== SOURCE DATA ==
################

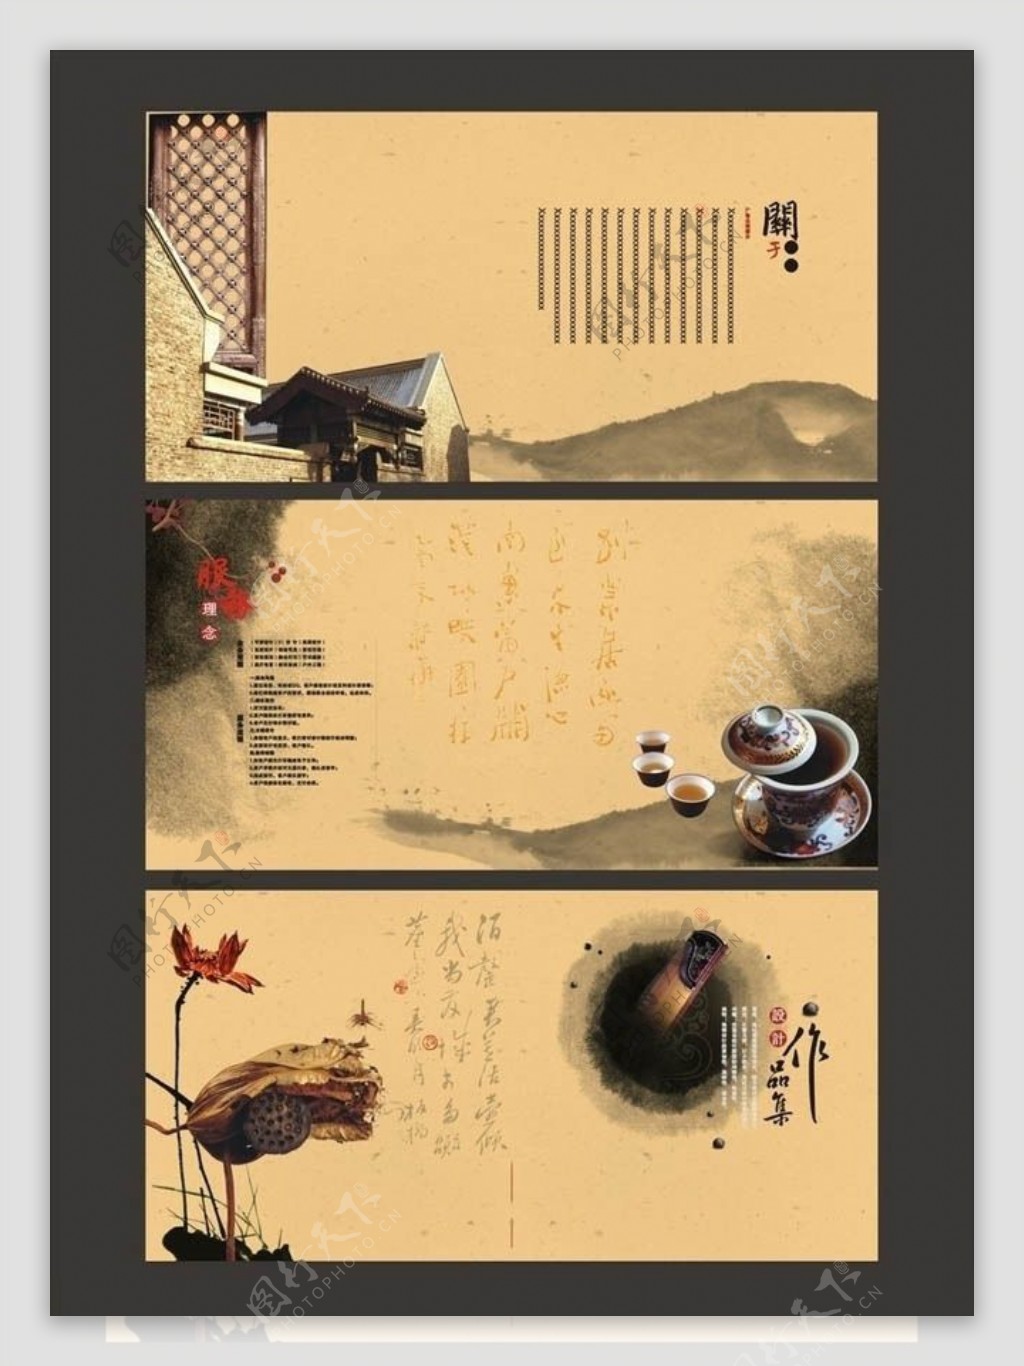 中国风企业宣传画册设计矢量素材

################

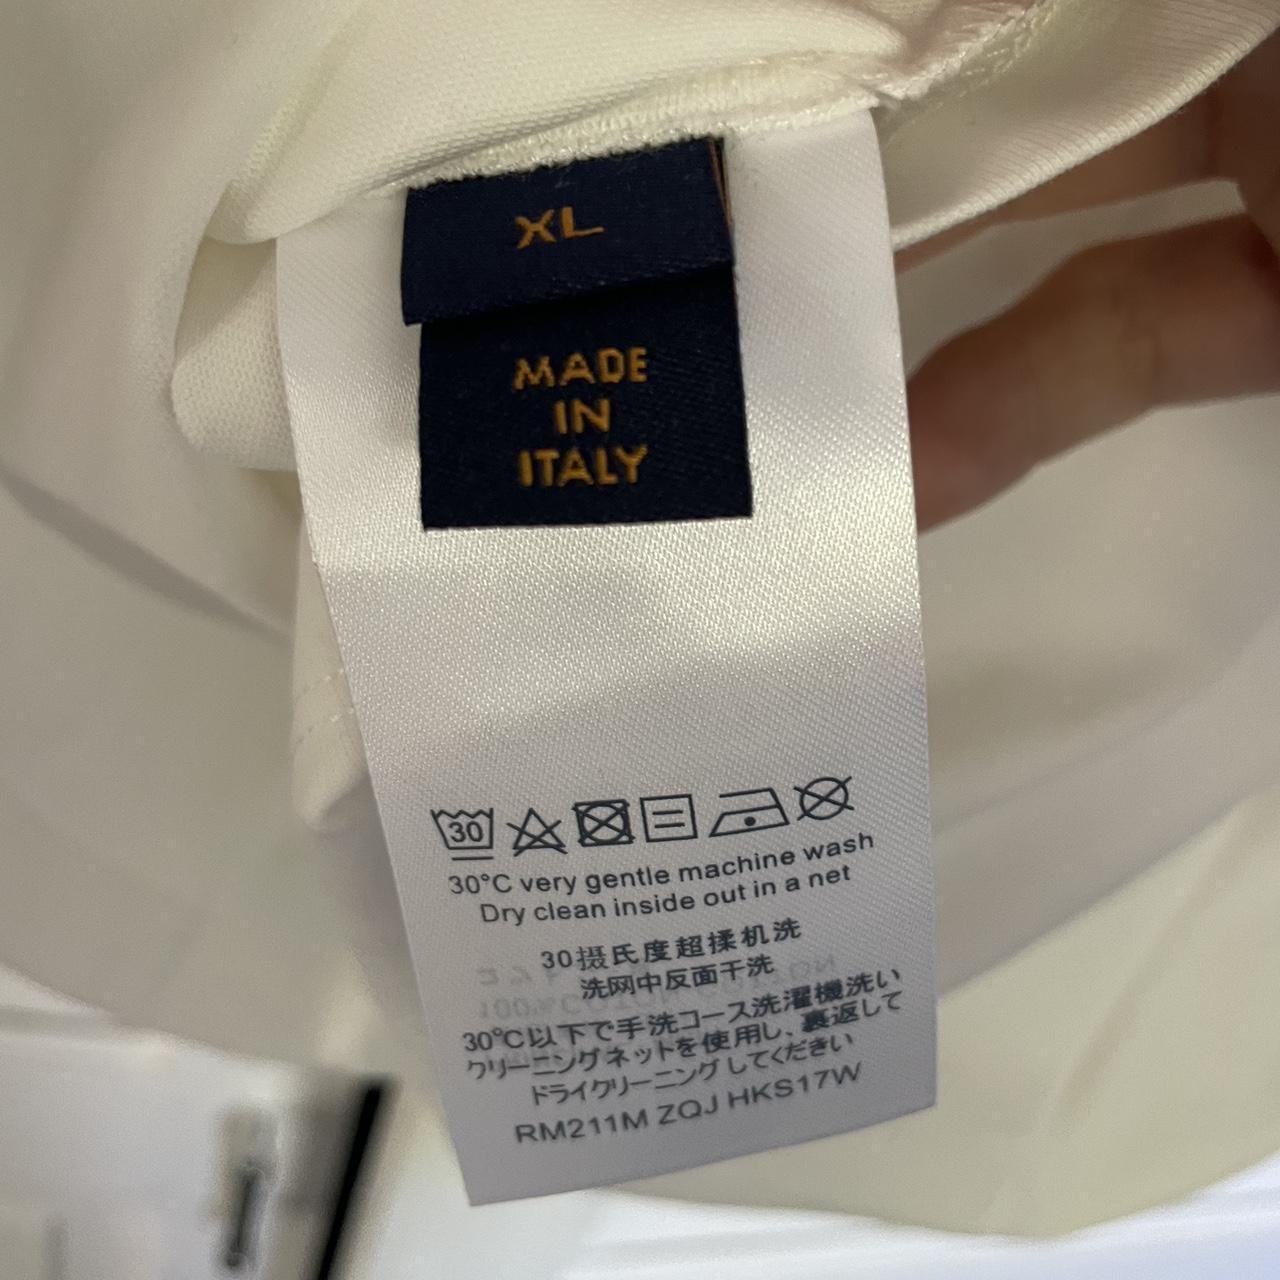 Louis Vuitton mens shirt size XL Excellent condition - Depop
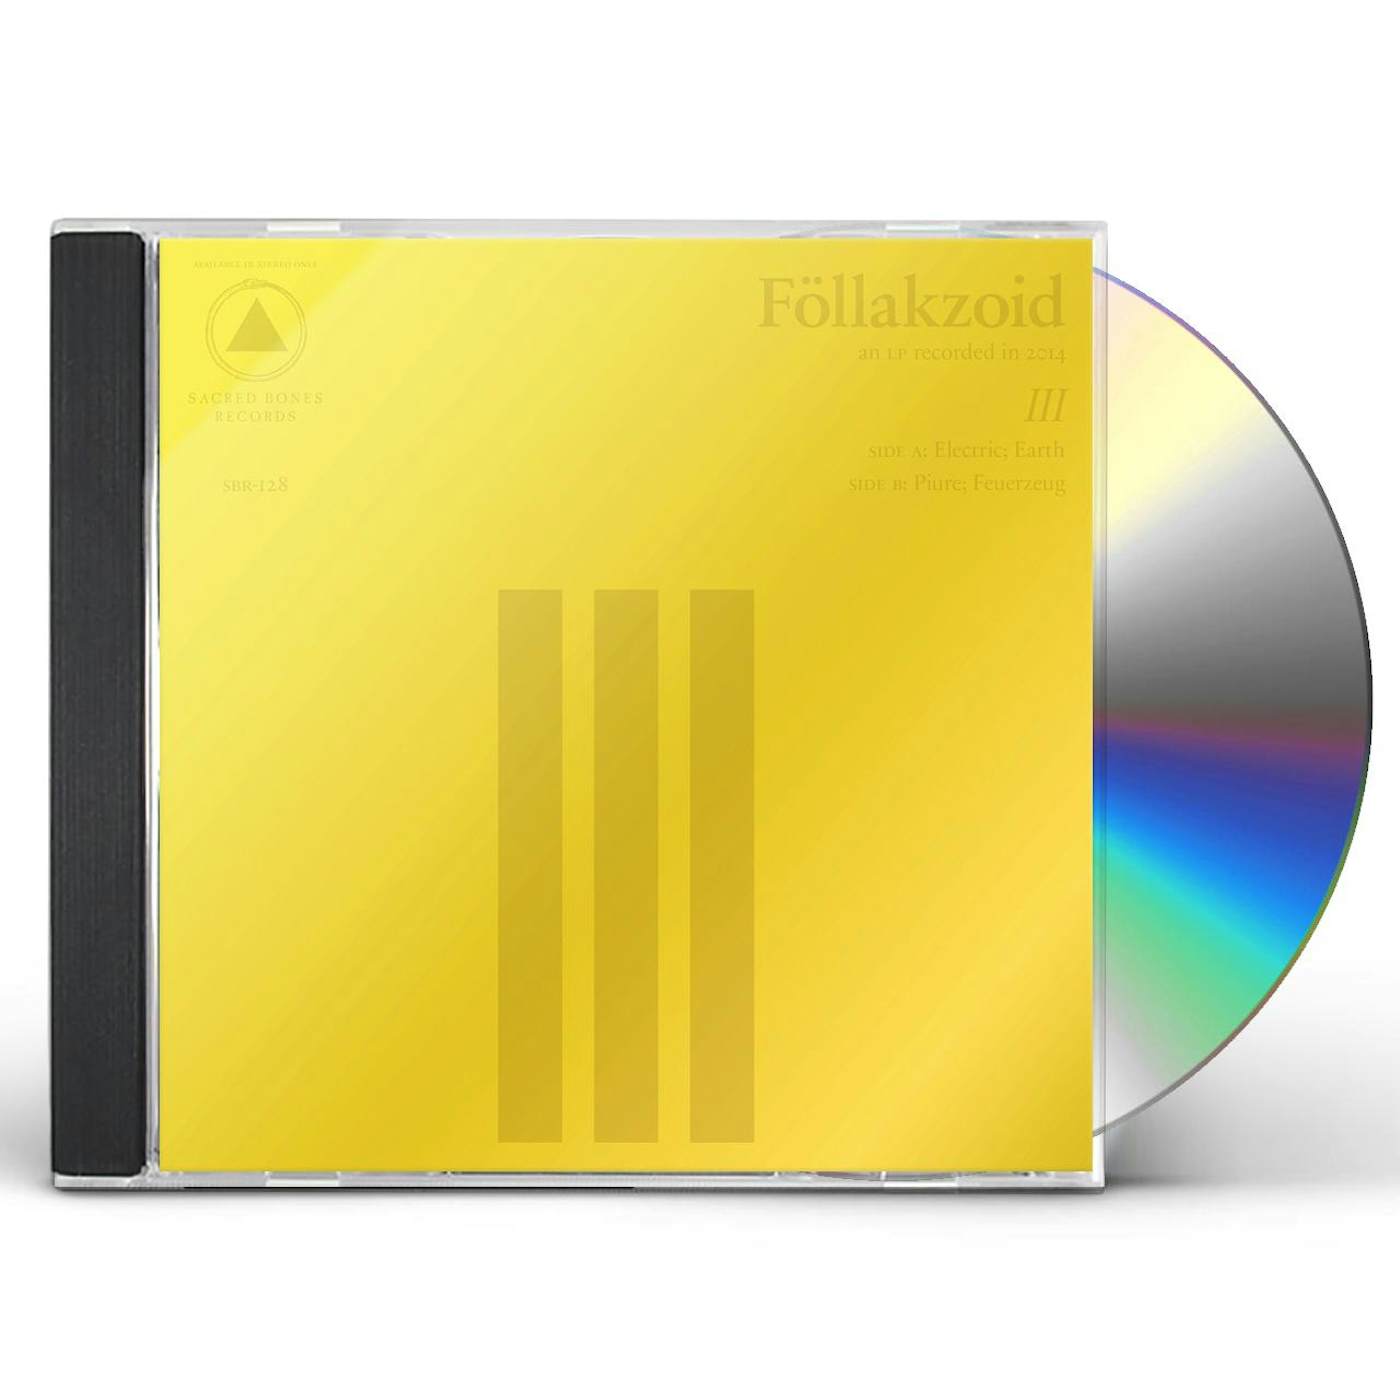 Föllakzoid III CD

################

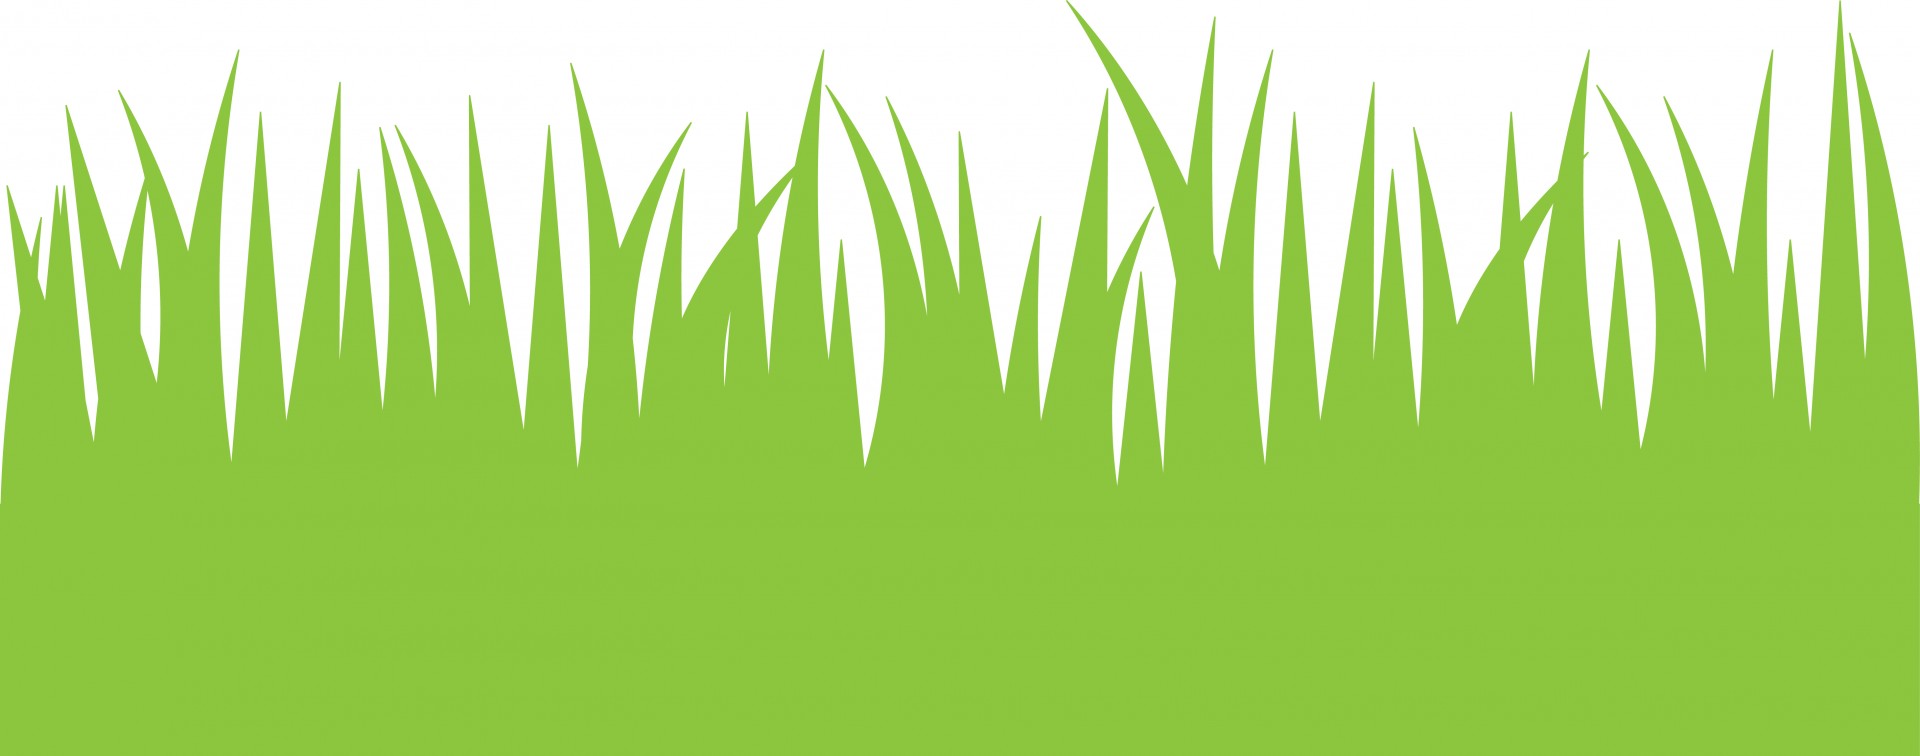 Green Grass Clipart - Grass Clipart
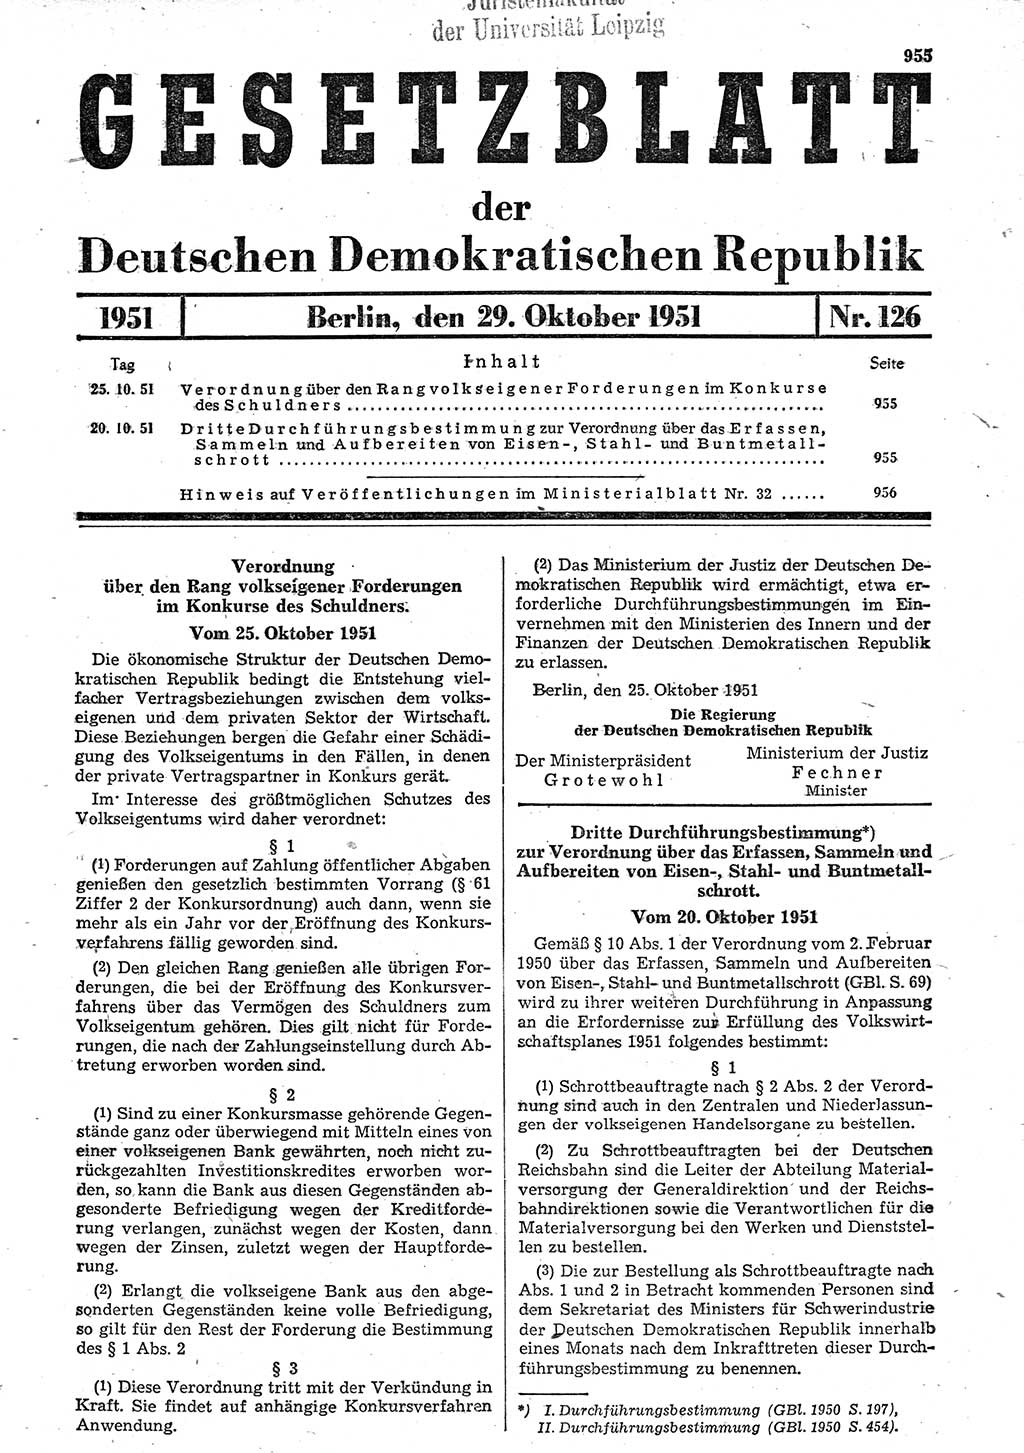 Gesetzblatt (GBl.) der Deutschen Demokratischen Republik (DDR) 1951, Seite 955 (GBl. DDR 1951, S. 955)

################

== WHAT THE TASK ASKS ==
From the listing above, please give again the lines that begin with the line holding "Green Grass Clipart - Grass Clipart" and go on through the line holding "Gesetzblatt (GBl.) der", exactly, both ends included, minus any picture.

== THE COMPLETED TASK ==
 Green Grass Clipart - Grass Clipart
 Gesetzblatt (GBl.) der Deutschen Demokratischen Republik (DDR) 1951, Seite 955 (GBl. DDR 1951, S. 955)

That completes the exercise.